BmKAEP is one of the components of Mesobuthus martensiis venom, a well-known scorpion belonging to the family Buthidae, which is found distributed throughout Eastern Asia and China.

== Chemistry ==
BmKAEP is an inhibitory β-toxin and thus, a Na^{+} channel inhibitor. As with other mammal and insect toxins, BmKAEP is classified according to species and mechanism of action.

BmKAEP is a 61-amino-acid protein derived from an 85-amino-acid precursor. The mature protein contains 8 cysteine residues that establish 4 disulfide bridges (4C-C). Despite its high homology with other depressant toxins, BmKAEP differs from them at residues 6, 7 and 39, which is thought to be important in determining its unique function. Its lysine residue, at position 51, also has a special feature: it interacts with mammalian Na^{+} channels.

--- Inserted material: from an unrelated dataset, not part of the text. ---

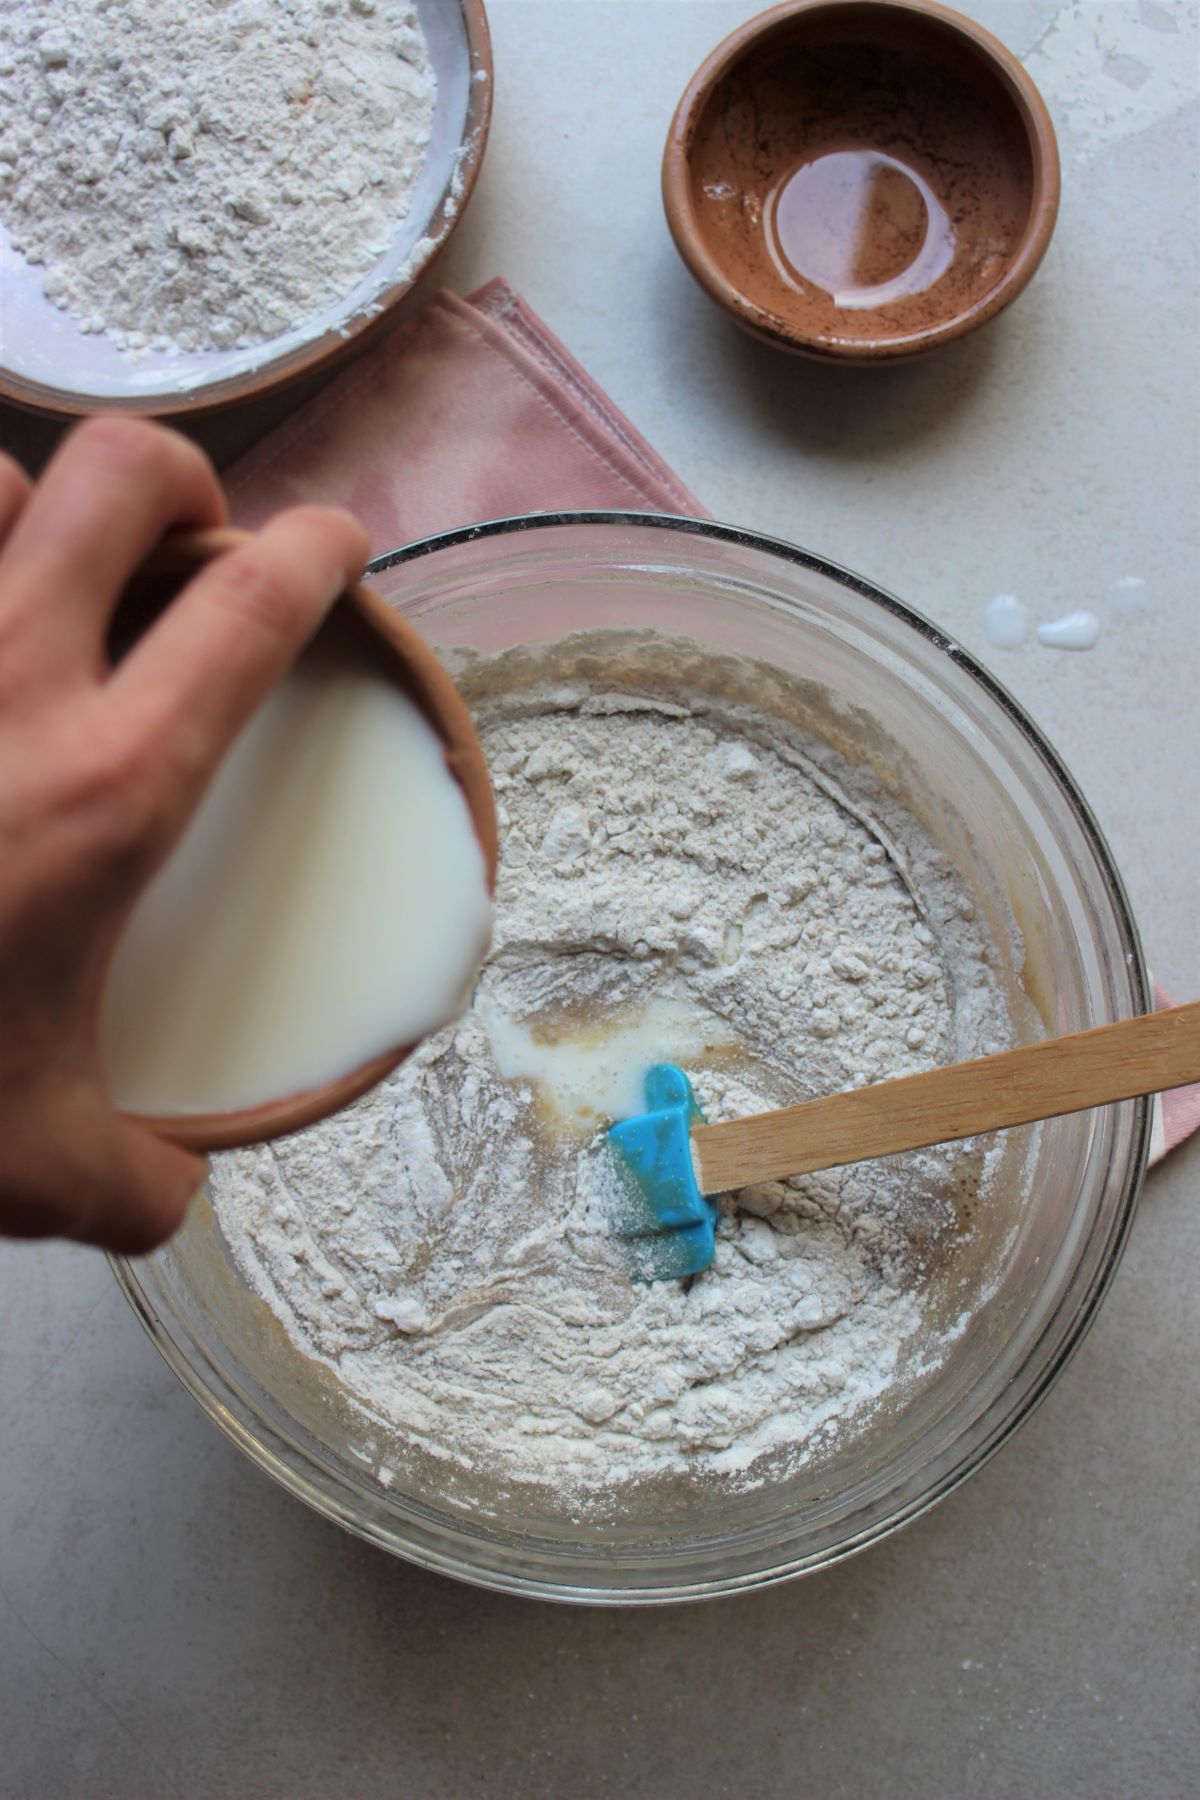 Banana loaf process: glass bowl with the loaf mixture, dry ingredients and adding the milk.

| BmKAEP primary sequence |
|---|
| 01 mklflllvis asmlidglvn adgyirgsng 31 ckvsclwgne gcnkeckafg ayygycwtwg 61 lacwceglpd dktwksesnt cggkk |

== Target and Mode of Action ==
Because of its sequence homology with other β-toxins, BmKAEP is predicted to bind to site 4 (S4) of voltage-gated Na^{+} channels, at domains I, III and IV. Its interaction with the S4 loop causes the loop to be maintained at the outward activated position. Therefore, activation of the Na^{+} channels shifts towards more negative values, enhancing the channel's activation and promoting spontaneous and repetitive firing. Subsequently, the sodium current amplitude decreases, due to the membrane potential depolarization, thus suppressing action potentials.

== Toxicity ==
BmK venom induces a transient phase of contraction followed by a slow progressive flaccid paralysis in insect larvae. However, since it requires a high dosage to be effective, its toxicity is weak, both in insects and mammals.

Toxicity parameters
| LD_{50} | 2,4 mg/kg (mice; intraperitoneal injection) |
| MLD (minimum lethal dose) | 0,074 mg/kg (mice; Intracerebroventricular injection) |
| CPU (concentration paralysis unit) | 1 μg/body (larvae) |
| NOAEL (No observed adverse effect) | <2 μg (insects); <20 μg (mice) |

== Therapeutic use ==
Though the exact mechanism of its anti-epilepsy effect is not clear, several studies have shown that BmKAEP can inhibit coriaria lactone-induced epilepsy in rats by prolonging the latent epilepsy period, relieving the degree of seizures and shortening its average duration, at a pharmacological dosage of only 0.057 μg/g.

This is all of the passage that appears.